Data is the new Coal (not Oil)

Data is the new Coal (not Oil)

And it shall be used to deliver the power in the new re-electrification wave through the revolution of AI. We see as to how the rapid scale of growth was achieved in the last decade in the ML field. You can say that the year pivotal in this change was 2012 when the first CNN models won some competition organized by the Imagenet project promoters. It is not that the algorithms that year suddenly became 10% better which was by how much the performance was improved for the outcomes. Rather, it was an increase in the computation power and the GPUs that caused the real uptick. Coupled with a lot of data generated on the input side. The Imagenet dataset so to say.

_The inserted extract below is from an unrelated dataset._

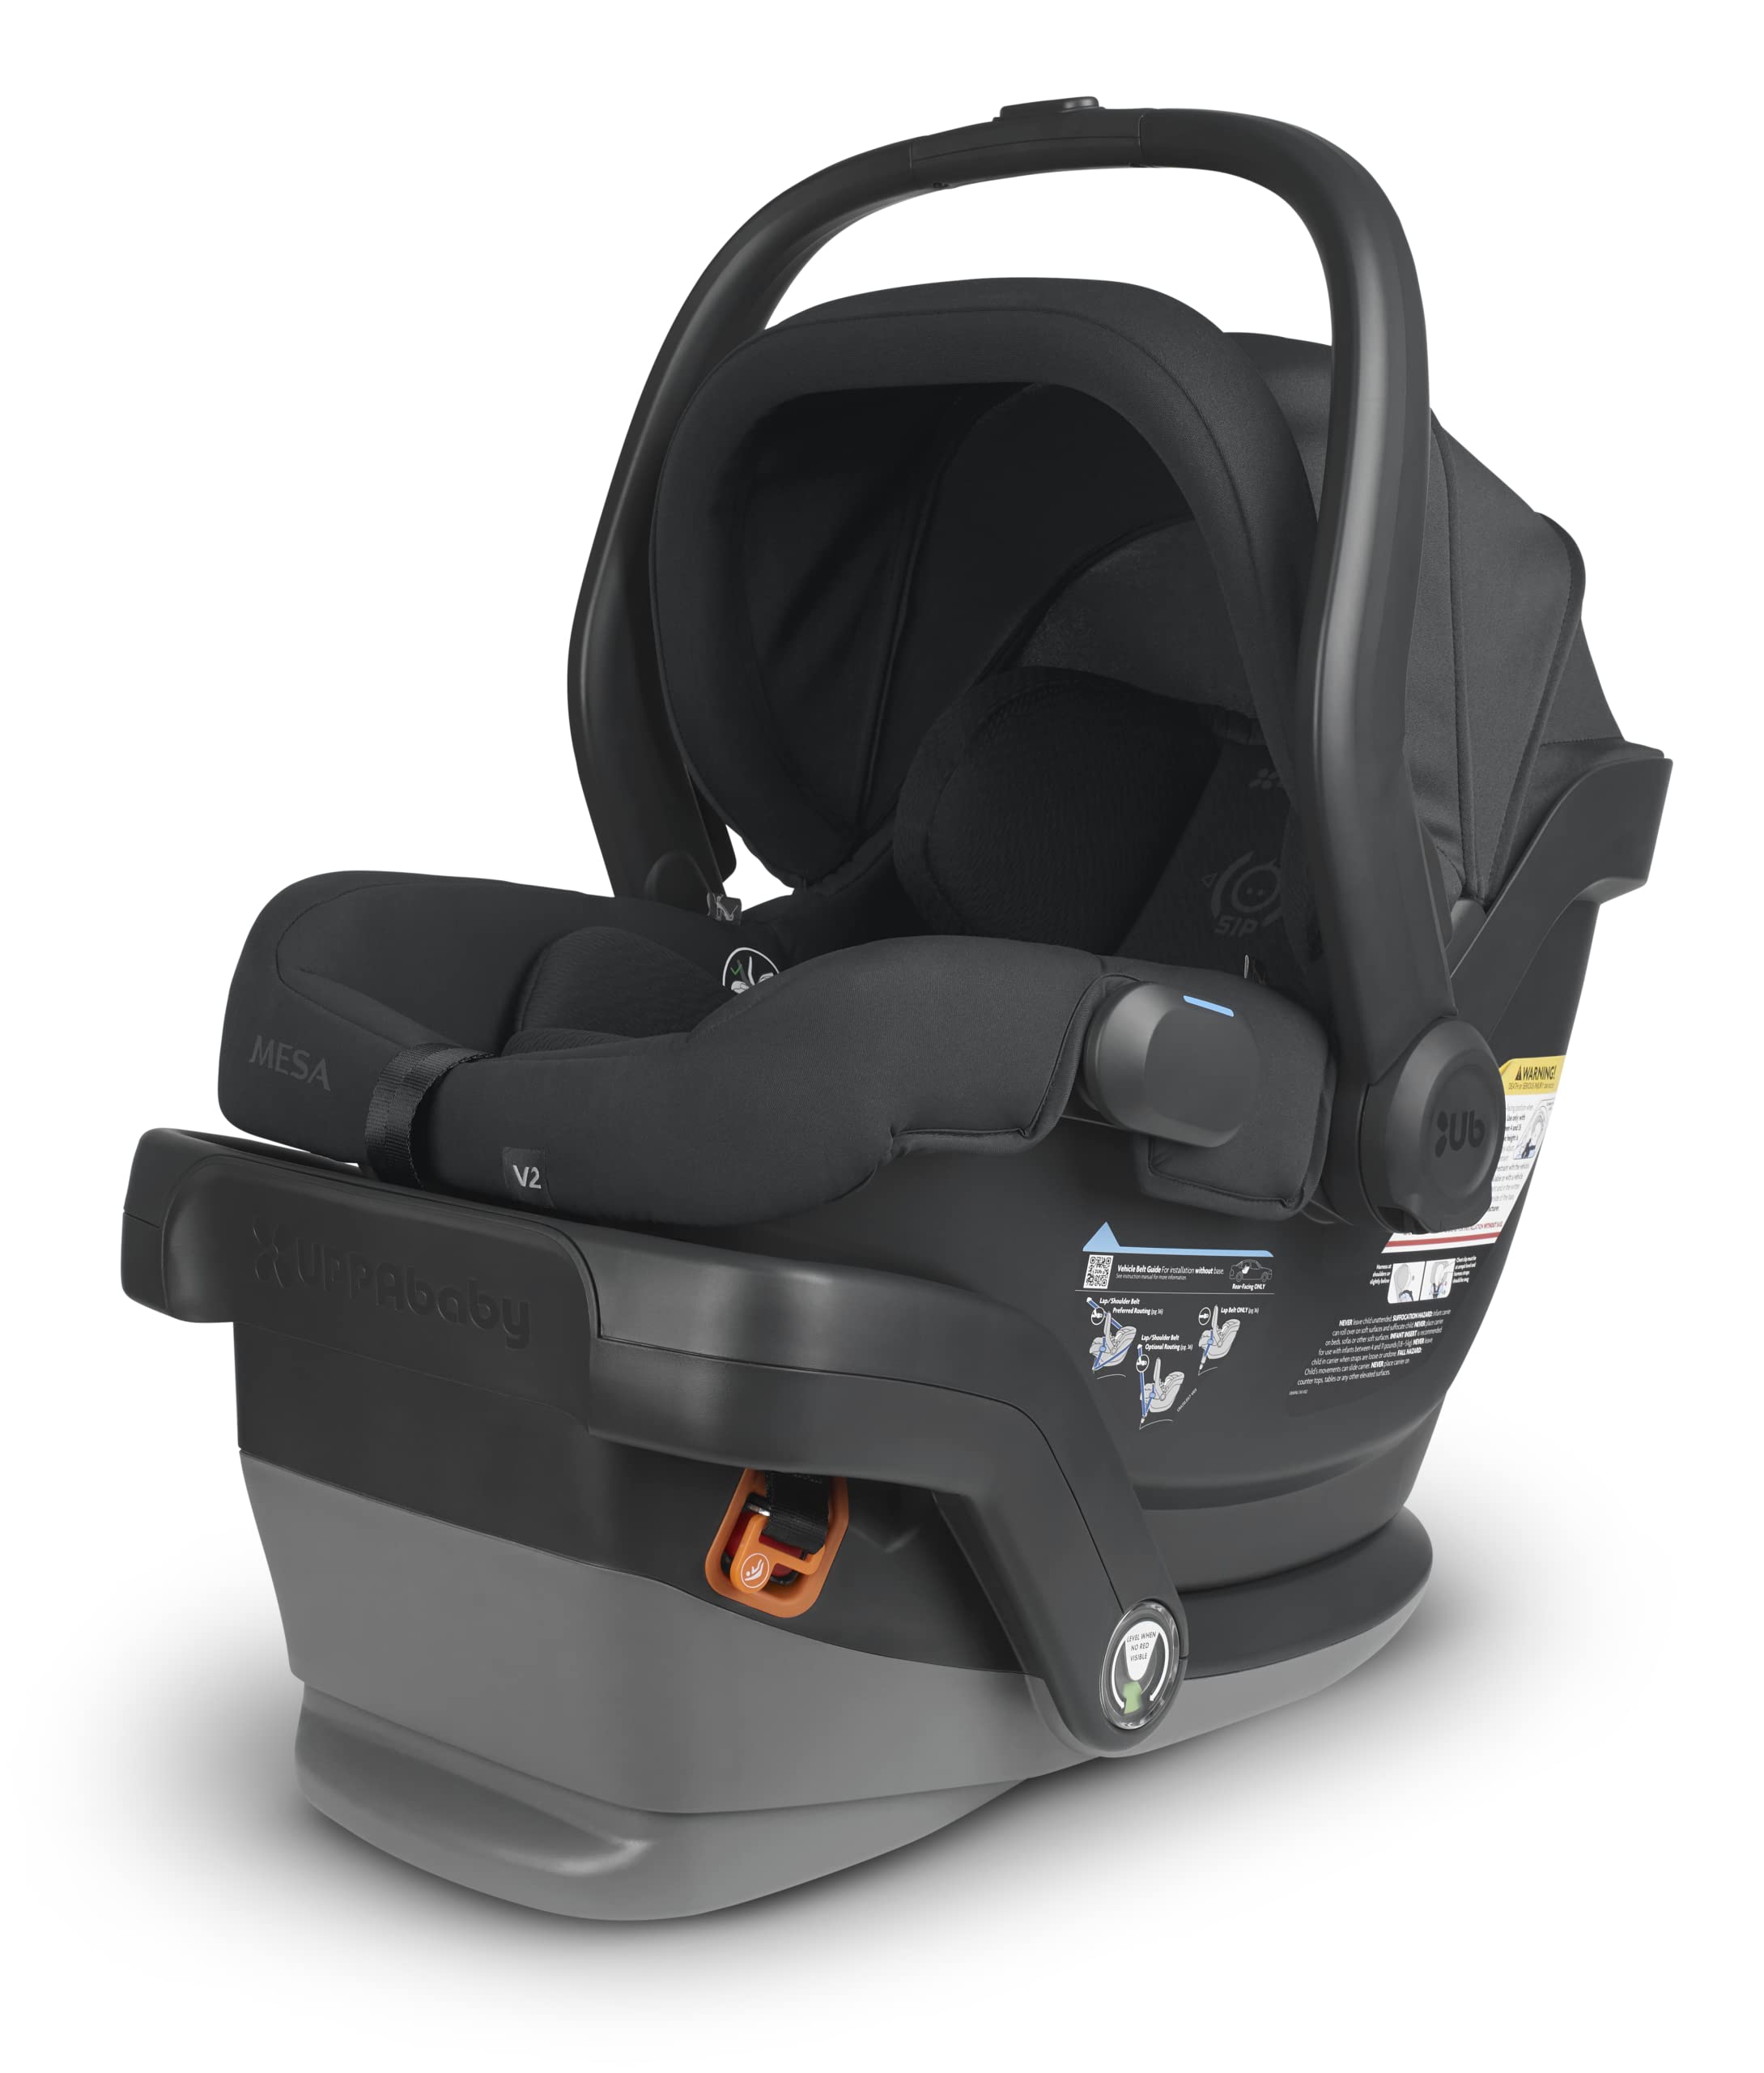 MESA V2 Infant Car Seat- Jake (Charcoal) + Base for MESA/MESA V2

And 10 years on, the same story holds. If at all, it has accelerated in impact. The algorithms and the math/statistics applied in the Neural Networks has created a huge impact and has advanced to a point as a consequence that the law of diminishing returns has been witnessed therein for past some time. Please do not get me wrong as we still have a lot of excitement around models and algorithms. What is with the new generation GNNs or the Graph Neural Networks which continue the good work from the previous set of CNN, RNNs etc. The GNN has revolutionized the cases where the data input can be characterized as a graph as opposed to a structured dataset like a table. The result has been that it has opened new avenues for exploration like in pharmaceuticals and medicine discovery. The discovery of drug Halicin is attributable to this phenomenon.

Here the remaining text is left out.